New clinical trial data presented at the American Heart Association Scientific Sessions in Philadelphia dominated the R&D news this week. Here are some of the highlights from the conference as well as some other bits of medtech industry news you may have missed.

Surgeons Insist TAVR May Not Be Best Choice For All Low-Risk Patients

The Society of Thoracic Surgeons (STS) and European Association for Cardio-Thoracic Surgery (EACTS) are recommending “caution” to patients, surgeons and interventionalists before adopting transcatheter aortic valve replacement (TAVR) as the first option for low-risk patients who need a new aortic valve.

New results from two major clinical trials suggested TAVR is a safe and effective alternative to surgery in patients at low risk for surgical complications.

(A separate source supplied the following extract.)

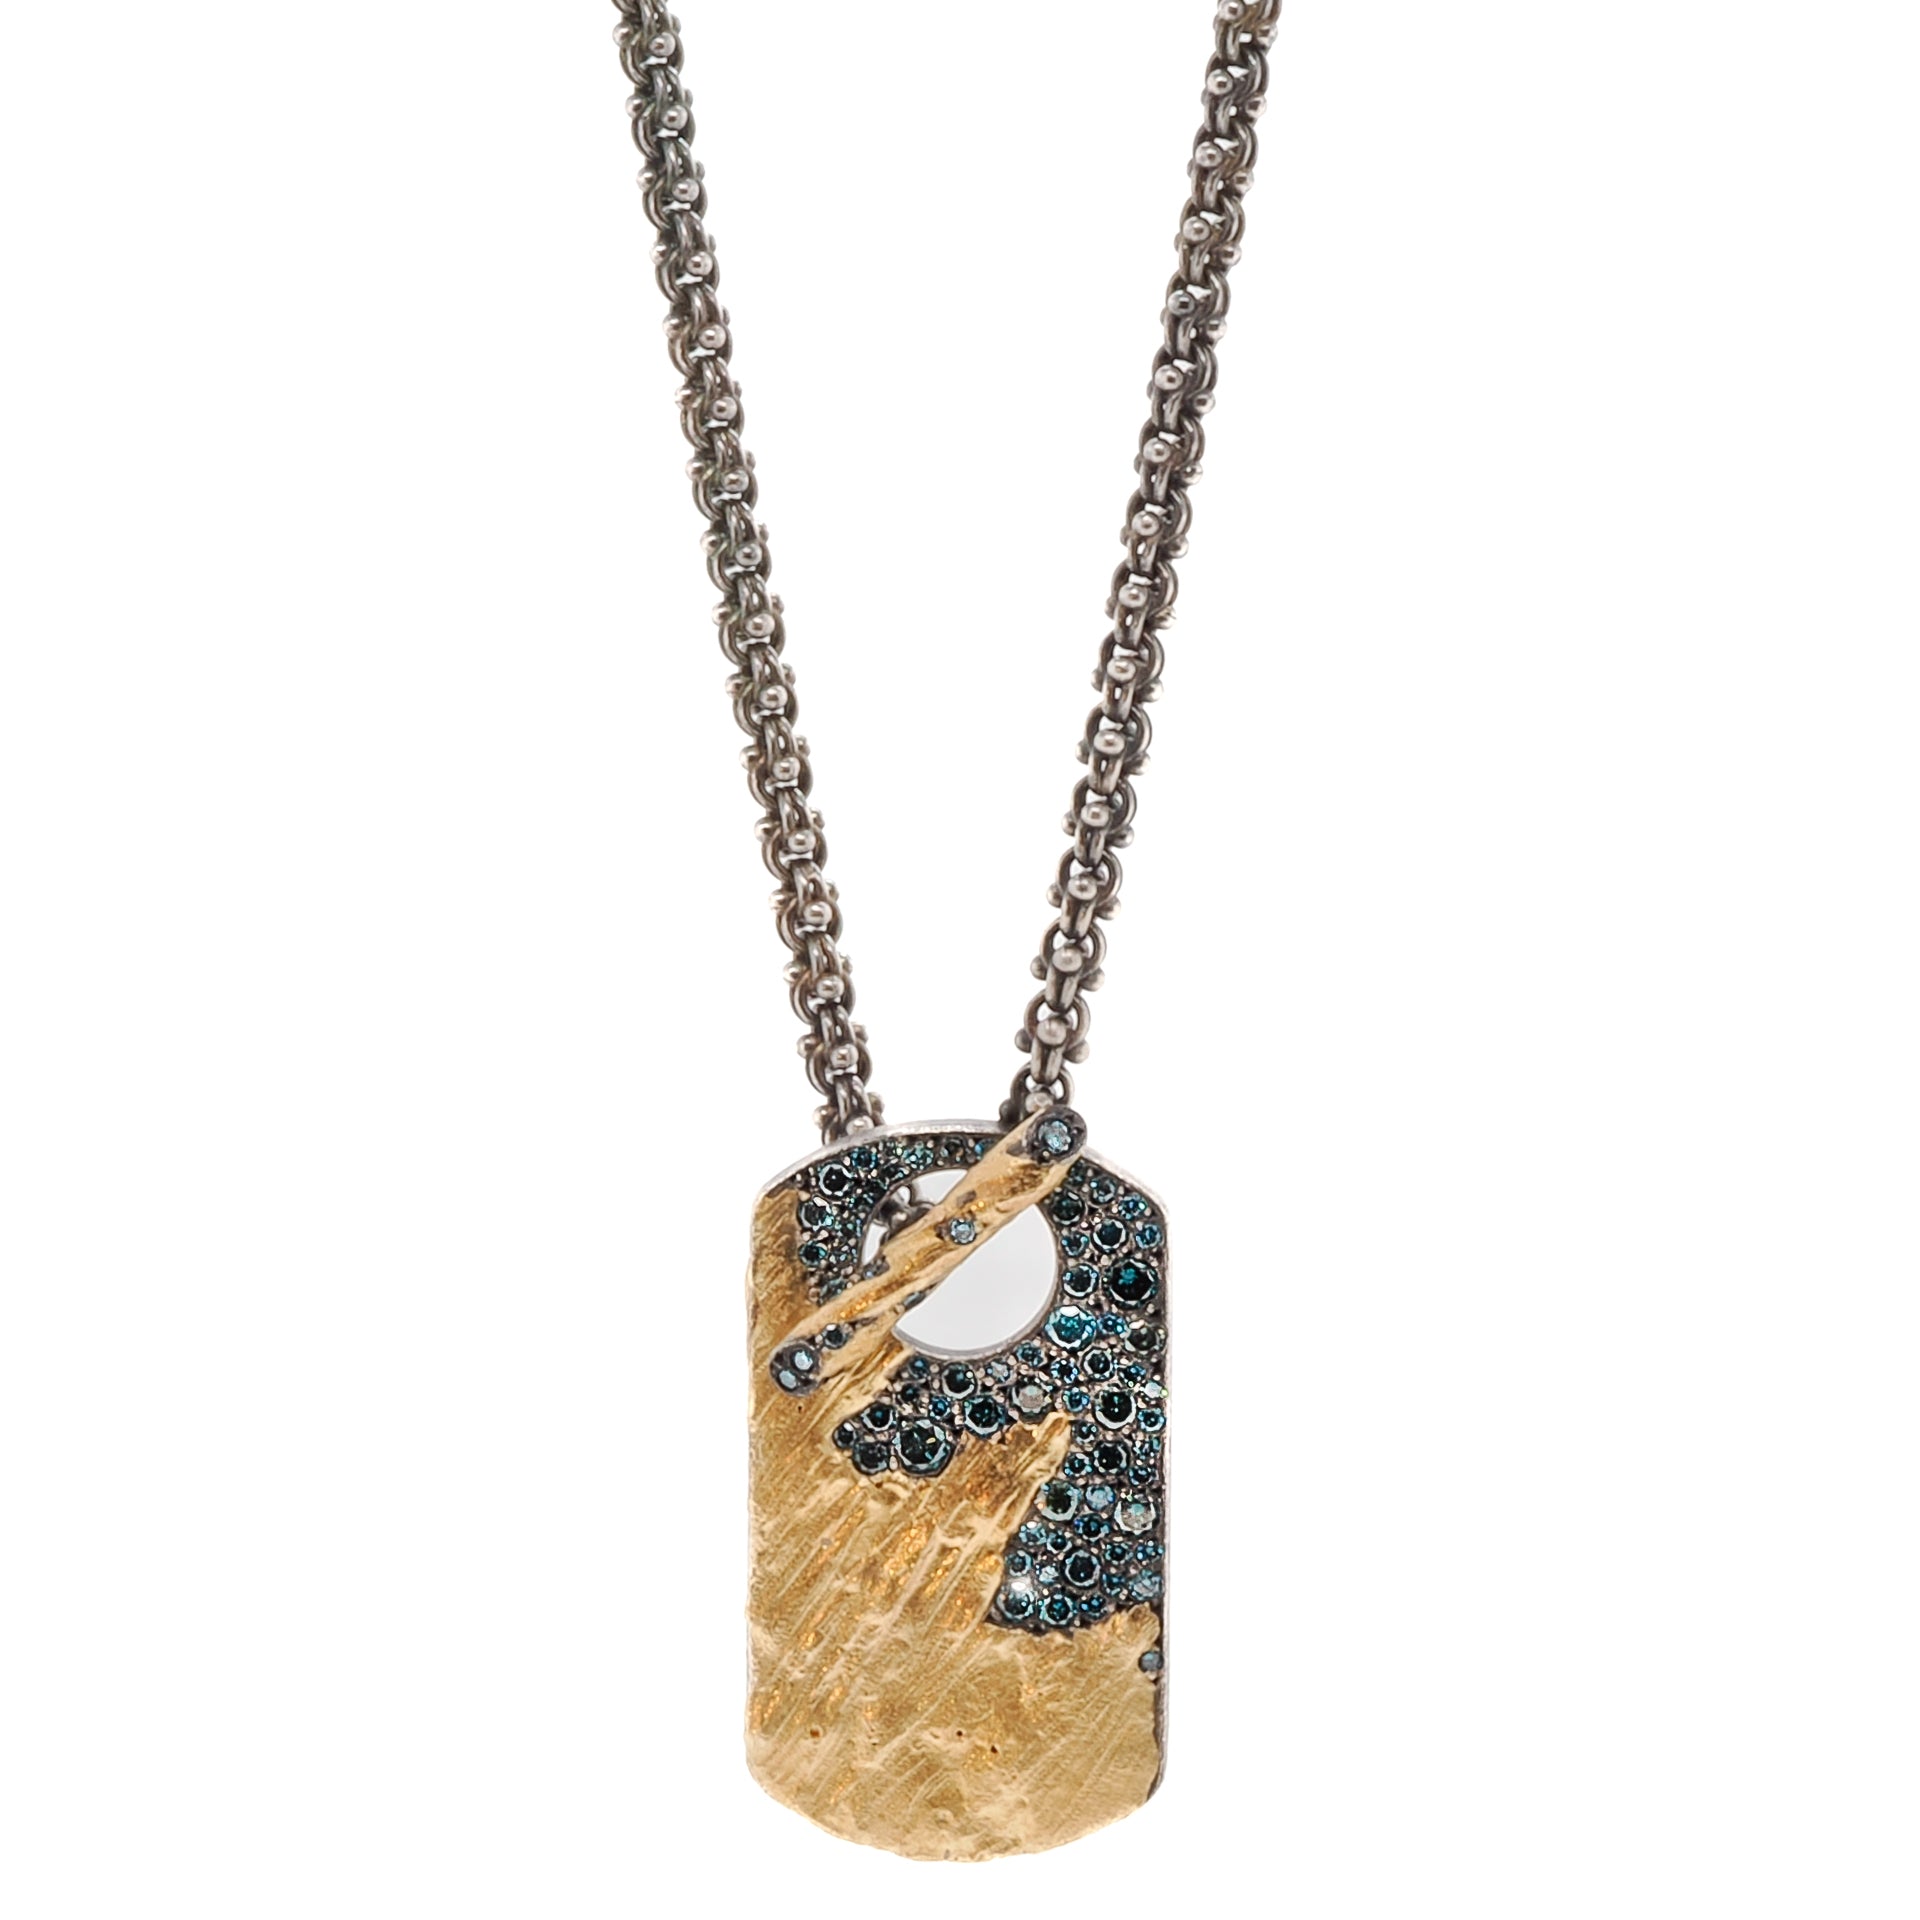 Recycled Luxury - Sustainable jewelry with a touch of opulence.

The safety and durability of TAVR is supported by four-year outcomes from the Evolut Low-Risk trial comparing Medtronic’s CoreValve TAVR systems to surgical aortic valve replacement in low-risk patients. Also, five-year results from the PARTNER 3 trial showed similar durability for Edwards Lifesciences’ Sapien 3 or Sapien 3 Ultra TAVR system in low-risk patients. (Also see "News We're Watching: TCT Yields More Encouraging Results For TAVR; HeartPoint Resets Trial Plans, Butterfly Tries Brain-Interface Tech" - Medtech Insight, 30 Oct, 2023.)

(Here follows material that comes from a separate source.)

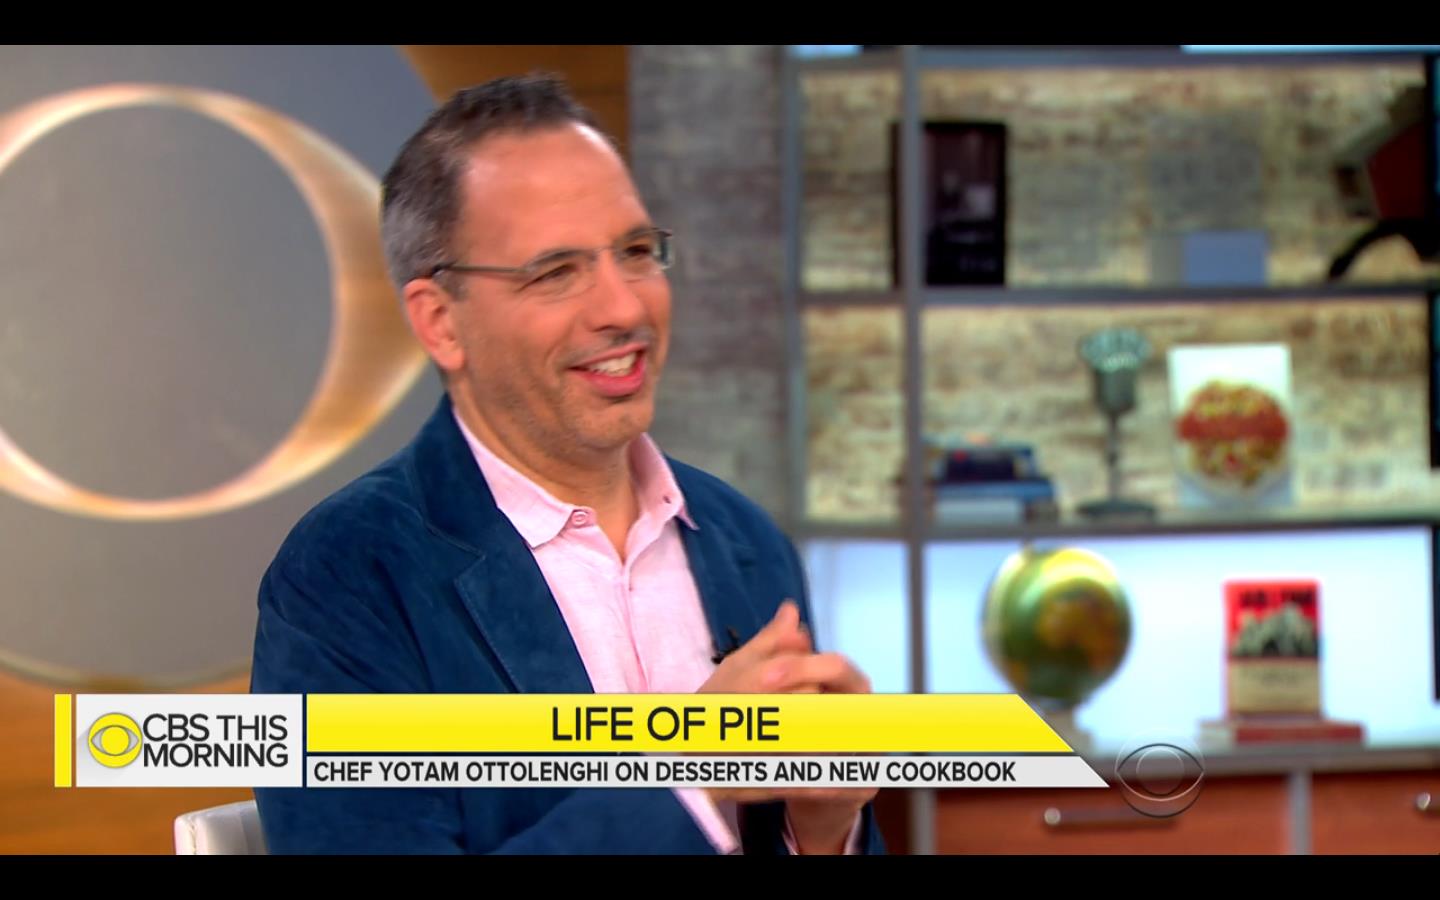 Yotam Otolenghi on CBS This Morning

In a new joint statement, the surgeon groups argue that these results do not show that TAVR is superior to surgical valve replacement for all low-risk patients.

STS and EACTS "recommend caution prior to adopting a [TAVR]-first strategy in low-risk patients, particularly those patients with characteristics not specifically studied in these low-risk trials."

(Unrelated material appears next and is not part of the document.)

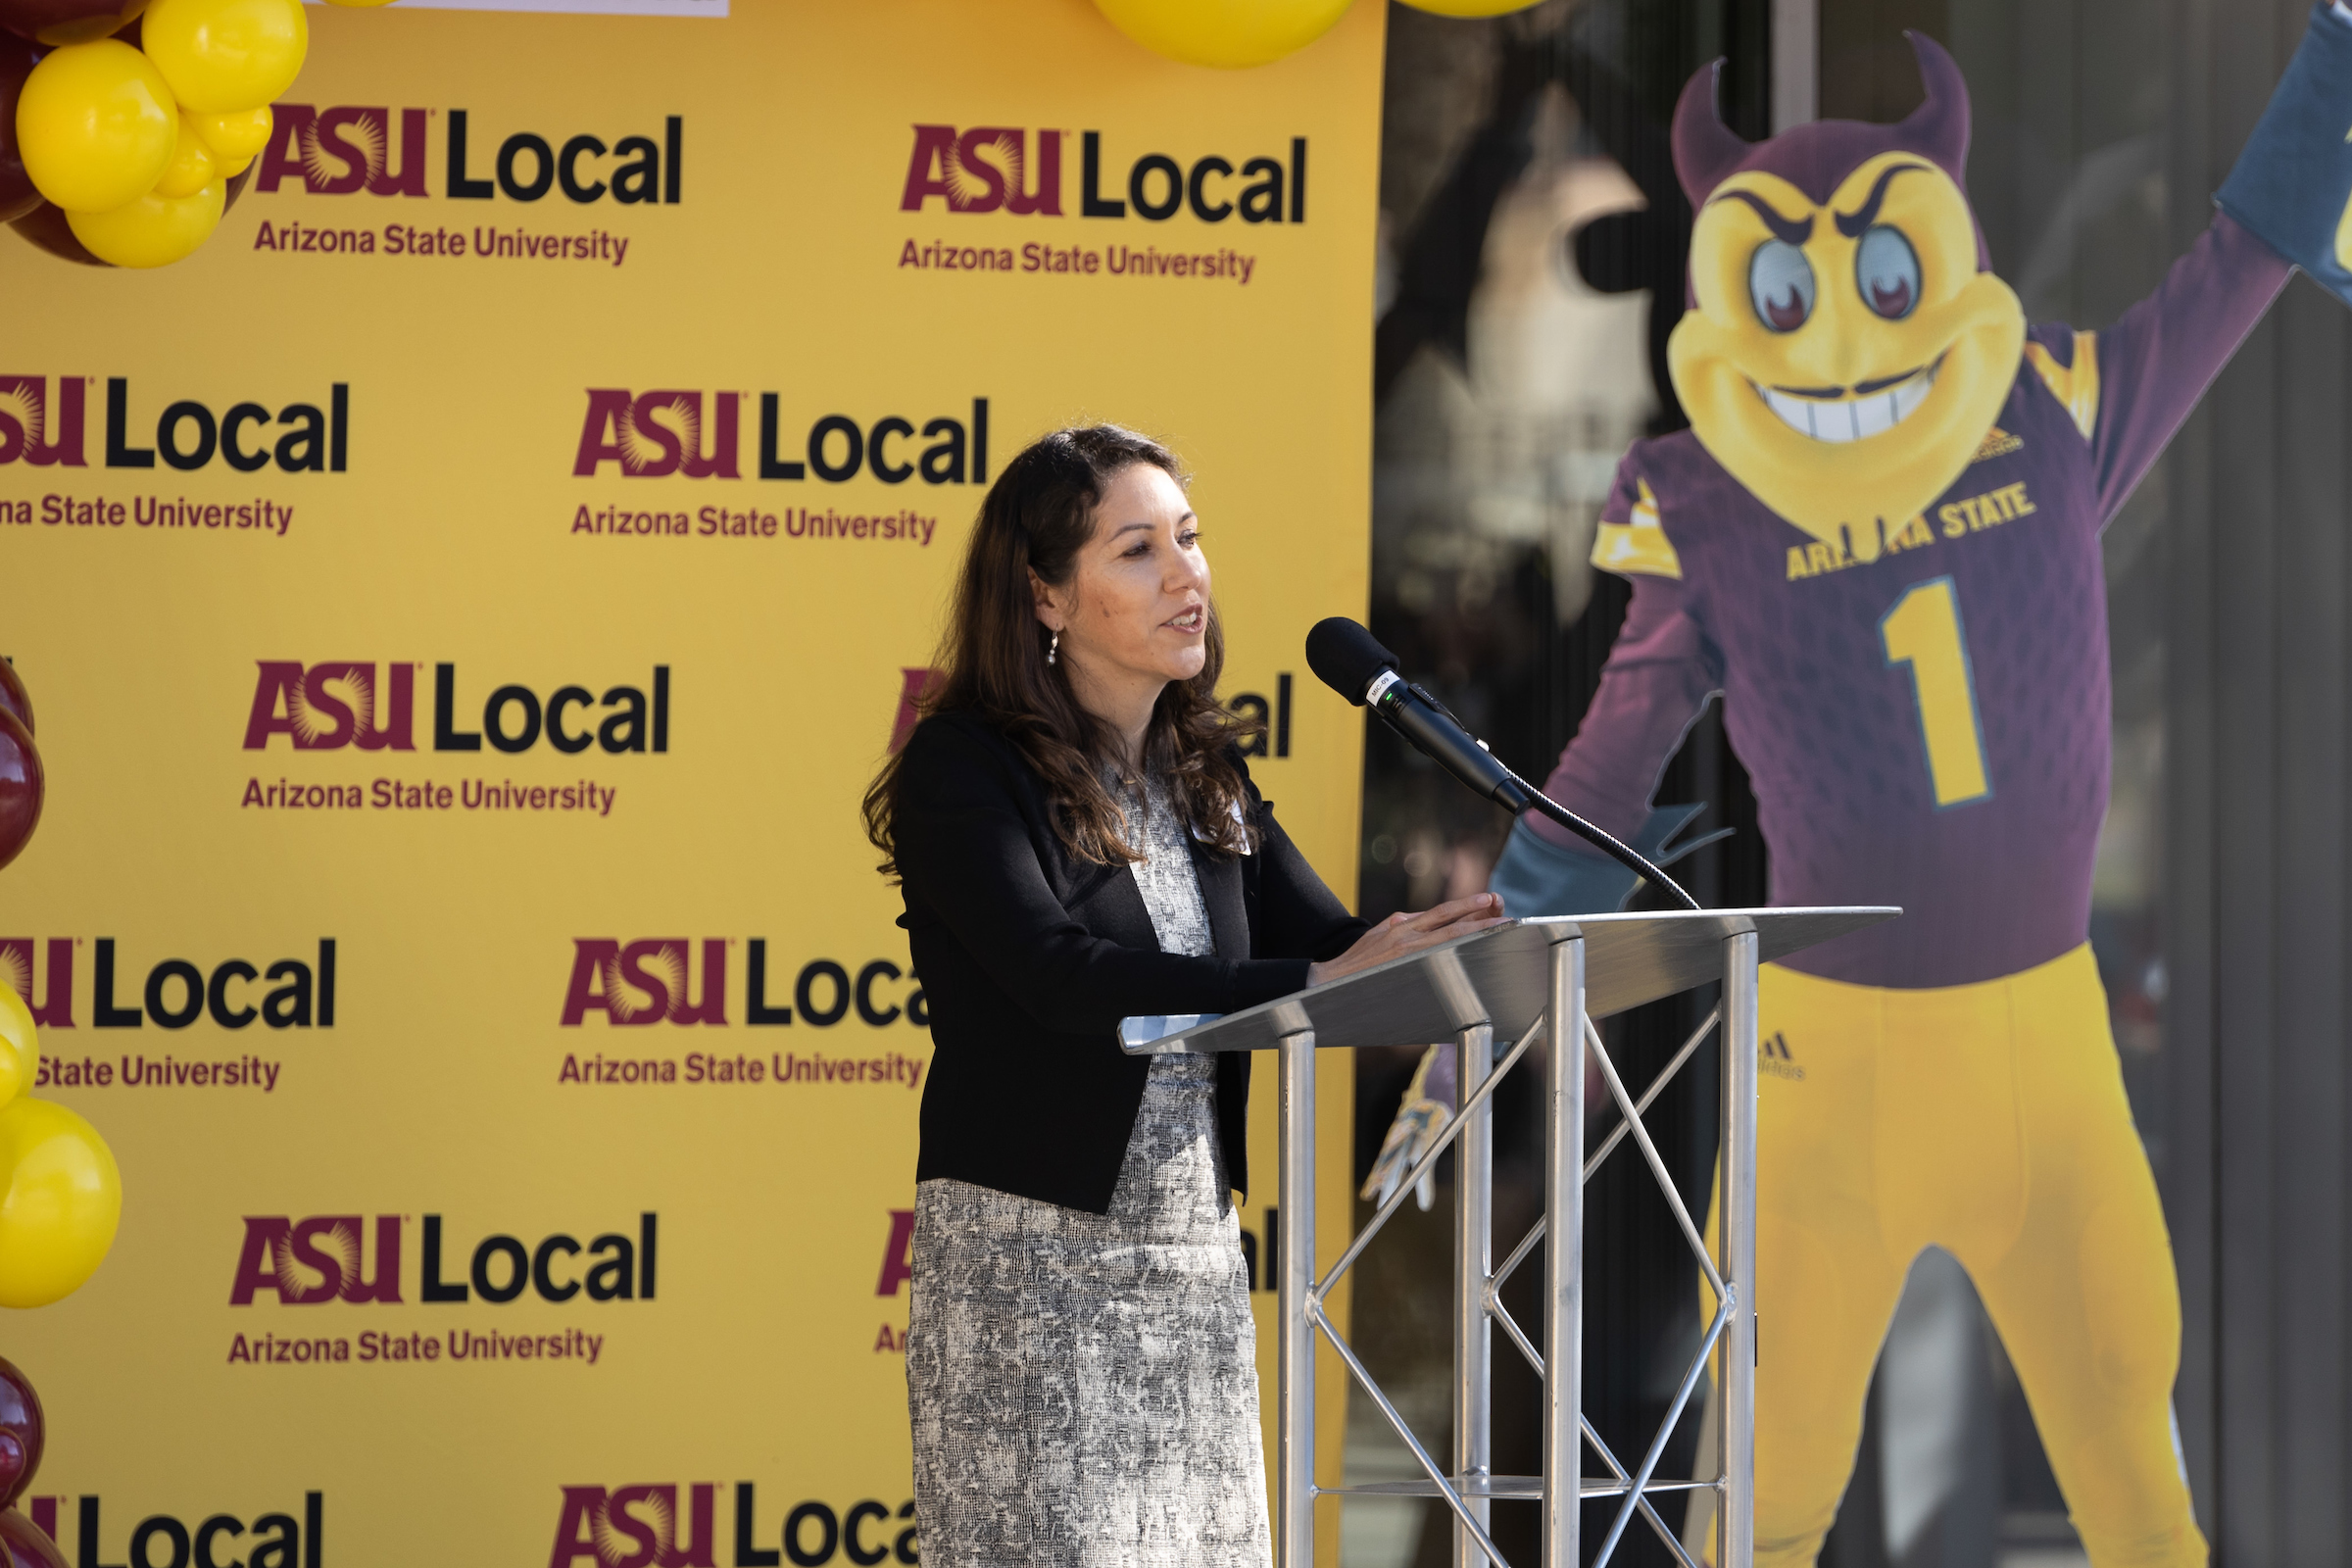 woman speaking at lectern at ASU Local event with cardboard cutout of Sparky mascot in background

STS and EACTS "recommend caution prior to adopting a [TAVR]-first strategy in low-risk patients, particularly those patients with characteristics not specifically studied in these low-risk trials."

“It is important to note that aortic valve replacement is largely an isolated procedure in transcatheter clinical practice, but up to 26% of the surgical patients in the PARTNER 3 and Evolut Low-Risk trials underwent concomitant procedures, including [coronary bypass] surgery,” the STS and EACTs argue.

The outcomes of concomitant operations are generally worse than the outcomes of isolated valve replacement procedures and patients with ischemic disease are not directly comparable to patients with isolated valve disease, the statement explain.

“While STS and EACTS fully respect the value of randomized evidence, we feel that this is only as good as the comparator groups.”

The statement also points out that, measured separately, all-cause mortality, cardiovascular mortality, and disabling stroke were not statistically significant between groups in the Evolut Low Risk trial. “Therefore, statements of superiority of [TAVR] compared to a heterogeneous surgical comparator, are not appropriate at this time and may lead to unintended consequences,” the societies argue.

“We call on investigators from both the PARTNER 3 and Evolut Low-Risk trials to publish their results for the isolated SAVR and isolated [TAVR] sub-cohorts from their trial arms,” STS/EACTS proposes. “Until we have this data, any statements or conclusions from these trials are interesting but still hypothesis generating and speculative.”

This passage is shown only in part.